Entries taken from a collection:
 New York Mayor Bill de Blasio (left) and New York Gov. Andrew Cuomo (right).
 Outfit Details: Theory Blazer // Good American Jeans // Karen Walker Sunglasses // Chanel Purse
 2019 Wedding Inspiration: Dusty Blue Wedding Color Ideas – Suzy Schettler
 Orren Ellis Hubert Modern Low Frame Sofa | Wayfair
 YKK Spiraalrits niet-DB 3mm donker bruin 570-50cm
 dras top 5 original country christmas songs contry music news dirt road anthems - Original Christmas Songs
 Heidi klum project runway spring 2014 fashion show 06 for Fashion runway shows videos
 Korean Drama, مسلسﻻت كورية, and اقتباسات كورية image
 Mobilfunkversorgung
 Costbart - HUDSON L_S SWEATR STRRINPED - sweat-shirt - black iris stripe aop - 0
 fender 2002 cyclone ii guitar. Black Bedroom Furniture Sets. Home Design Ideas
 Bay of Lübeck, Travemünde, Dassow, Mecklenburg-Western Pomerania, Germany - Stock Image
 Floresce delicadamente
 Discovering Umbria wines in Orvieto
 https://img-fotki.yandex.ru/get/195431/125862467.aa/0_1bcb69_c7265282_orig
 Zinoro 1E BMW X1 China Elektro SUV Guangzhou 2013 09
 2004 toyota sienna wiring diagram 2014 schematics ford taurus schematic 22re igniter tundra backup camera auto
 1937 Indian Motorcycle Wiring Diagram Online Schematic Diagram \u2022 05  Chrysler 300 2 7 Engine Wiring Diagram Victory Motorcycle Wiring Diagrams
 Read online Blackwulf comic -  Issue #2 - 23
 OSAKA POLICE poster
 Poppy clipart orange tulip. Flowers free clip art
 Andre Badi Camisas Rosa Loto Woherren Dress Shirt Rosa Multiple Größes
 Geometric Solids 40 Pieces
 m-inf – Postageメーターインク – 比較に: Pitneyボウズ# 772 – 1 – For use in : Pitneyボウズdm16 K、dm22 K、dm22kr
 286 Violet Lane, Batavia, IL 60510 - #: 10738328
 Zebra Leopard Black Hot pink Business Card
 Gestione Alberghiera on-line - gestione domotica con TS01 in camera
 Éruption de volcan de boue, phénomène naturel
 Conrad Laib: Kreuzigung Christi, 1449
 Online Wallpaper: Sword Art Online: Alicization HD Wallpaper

▶ [Your instructions]
Tally the lines in the records above that hold the word "camera", and give only that number.

▶ [Exercise solution]
2